Order allocation and vehicle routing with collaborative pickup and delivery by crowdsourced and contracted couriers in a two-echelon urban logistics system

Abstract

This study investigates the order allocation and vehicle routing problems for an integrated logistics system that employs both crowdsourced and contracted couriers. Leveraging uncontracted travelers from the crowd, referred to as crowdsourced couriers, crowdshipping can provide flexible and cost-effective delivery service. However, this also introduces unique challenges, stemming from the limited delivery ranges of crowdsourced couriers constrained by their personal travel purposes, and reliability concerns due to the absence of formal labor contracts. Moreover, fulfilling both intracity and intercity pickup and delivery tasks mandates the incorporation of consolidation and transshipment strategies.

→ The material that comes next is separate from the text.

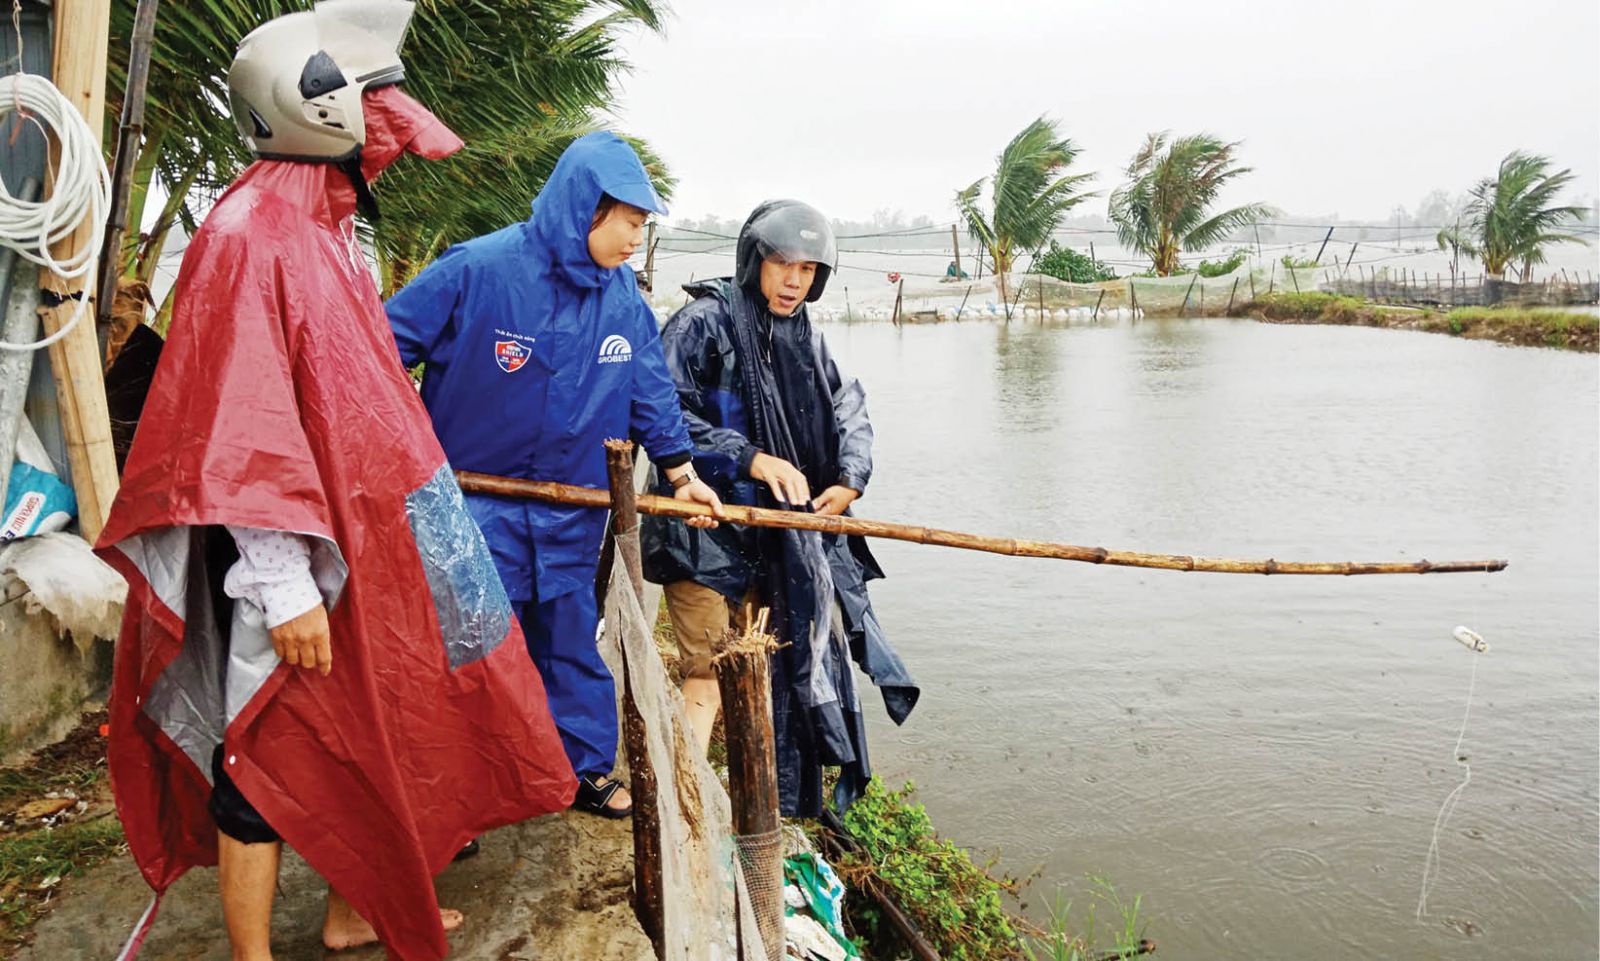 Đưa cá tôm “đi qua” những mùa vượt lũ an toàn ở Thừa Thiên Huế - Ảnh 1.

To address these complexities, the paper presents a pickup and delivery problem with crowdshipping, transshipment, and consolidation (PDPCTC) model that jointly coordinates crowdsourced and contracted couriers in a two-echelon urban logistics system to fulfill demand across intracity and intercity. The study formulates the PDPCTC as a Mixed Integer Linear Programming (MILP) model to optimize order allocation and routing with the objective of minimizing the total delivery cost across the network. For scalability of our model in real-world scenarios, an Adaptive Large Neighborhood Search (ALNS) algorithm is developed. Numerical results across various simulated and real-world scenarios demonstrate that integrating crowdshipping into pickup and delivery services can significantly reduce operational costs, yielding considerable economic benefits. Sensitivity analysis further suggests that logistics costs can be reduced by attracting more potential crowdsourced couriers, lowering their compensation rate, and increasing the number of service points within a certain limit.